Pêche en Occitanie : un début de saison contrasté face aux défis environnementaux
Alors que la saison de pêche vient de s'ouvrir sur les rivières de première catégorie, les fédérations départementales d'Occitanie doivent composer avec des défis croissants liés au réchauffement climatique. Une ouverture timide sur les berges des rivières marque ce début de printemps, avec une baisse notable de fréquentation des pêcheurs.
Une fréquentation en baisse pour l'ouverture de saison
Le deuxième week-end de mars, traditionnellement attendu par les amateurs de pêche, a connu une participation réduite cette année. "Nous constatons, dans le Gard comme dans les départements limitrophes, une baisse importante, autour de 10%, du nombre de cartes de pêche par rapport à l'an dernier sur la même période", déplore Vincent Ravel, président de la fédération départementale du Gard. Une consultation des adhérents a été lancée pour comprendre les raisons de cette désaffection : coût du carburant, élections municipales, ou problème plus structurel ?
Les impacts du changement climatique sur les rivières
Ces dernières années, les pêcheurs de la région ont dû faire face à des conditions difficiles :
- Sécheresse : débit réduit des rivières, température de l'eau élevée, faible teneur en oxygène provoquant une surmortalité des poissons
- Crues hivernales : perturbation des écosystèmes aquatiques et destruction des frayères
- Prédation accrue : arrivée du grand cormoran poussé vers l'intérieur des terres par la surpêche en mer
Pierre, pêcheur lozérien, témoigne : "Les rivières ont vraiment souffert.
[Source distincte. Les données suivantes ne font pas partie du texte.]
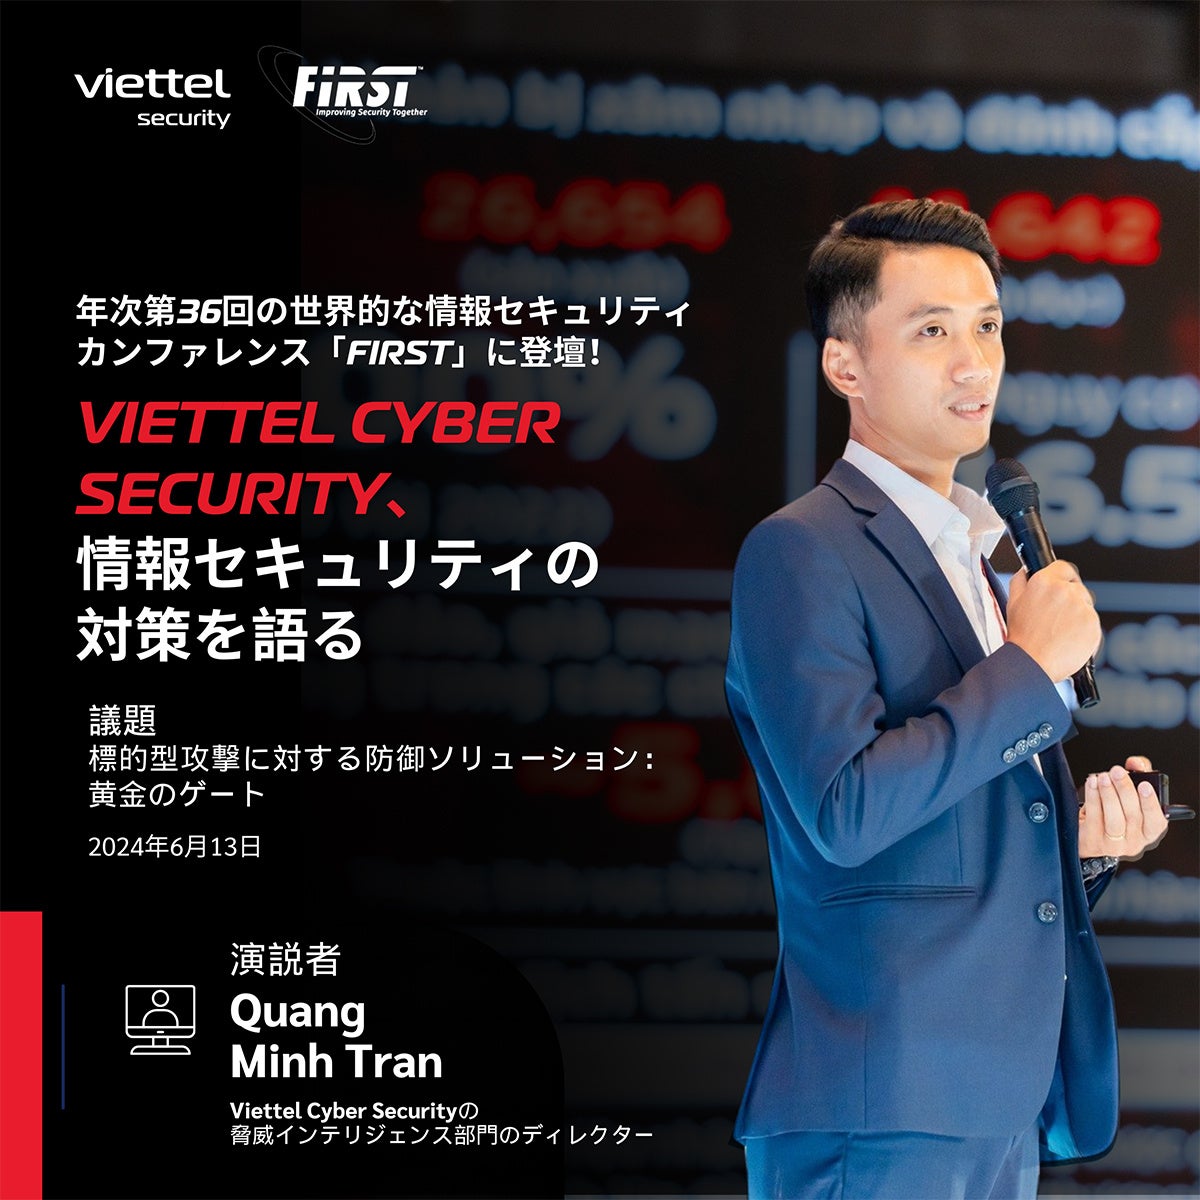 VIETTEL CYBER SECURITYの専門家が世界トップの情報セキュリティカンファレンス「FIRST」で講演

Alors qu'il y avait de très belles frayères l'automne dernier, la plupart ont disparu du fait des crues". Ces frayères sont pourtant essentielles à la reproduction des espèces piscicoles.
L'Occitanie : une région traditionnellement dynamique pour la pêche
Malgré ce début de saison difficile, l'Occitanie reste l'une des régions françaises comptant le plus de pêcheurs :
- L'Aveyron : environ 20 000 cartes délivrées en 2025
- La Lozère : 12 500 cartes
- Le Gard et l'Hérault : environ 16 000 adhérents chacun
- L'Aude et les Pyrénées-Orientales : entre 10 000 et 11 000 pêcheurs
Les Pyrénées catalanes et la Cerdagne possèdent de solides atouts pour développer le tourisme halieutique, avec le récent lancement du premier "territoire d'exception pêche".
Mesures de préservation et d'adaptation
Face à ces défis, les fédérations départementales mettent en place diverses stratégies :
Réglementation renforcée : limitation à deux poissons par jour et par pêcheur dans les rivières de première catégorie pour maintenir les géniteurs et optimiser les reproductions.
Travail sur l'habitat : plutôt que de pratiquer des déversements de poissons, les équipes travaillent à optimiser la reproduction des espèces sauvages par :
- Aménagement de frayères
- Mise en place de réservoirs biologiques
- Création de zones en gestion patrimoniale à 100%
Projet de carnet de capture : Vincent Ravel milite pour la mise en place d'un système permettant de recueillir des données statistiques sur les poissons pêchés, prélevés ou remis à l'eau. "Ces données sont indispensables pour avoir une gestion plus fine des milieux et cibler nos actions", explique-t-il.
La question du silure et l'optimisme des acteurs locaux
Le gouvernement a récemment présenté un projet de décret inscrivant le silure sur la liste des espèces susceptibles de provoquer des déséquilibres biologiques. La fédération de pêche du Gard défend cependant sa place dans les écosystèmes qu'il a colonisés, tout en appelant les pêcheurs à ne pas le déplacer.
Malgré les difficultés, Vincent Ravel se montre optimiste : "Les fédérations départementales de pêche et les associations locales ont aujourd'hui pris conscience de l'importance de préserver leur terrain de jeu". Dans les Pyrénées-Orientales, un observatoire des cours d'eau avec 86 stations de surveillance a été mis en place pour travailler sur la "continuité écologique".
Dans les rivières catalanes, les conditions sont actuellement "quasi parfaites" grâce aux pluies de l'hiver, avec même un regain de 13% des cartes de pêche après plusieurs années d'érosion dues à la sécheresse. La preuve que la pratique séduit encore et que l'expression "Aller à la pêche" pourra toujours être utilisée... même les jours d'élection.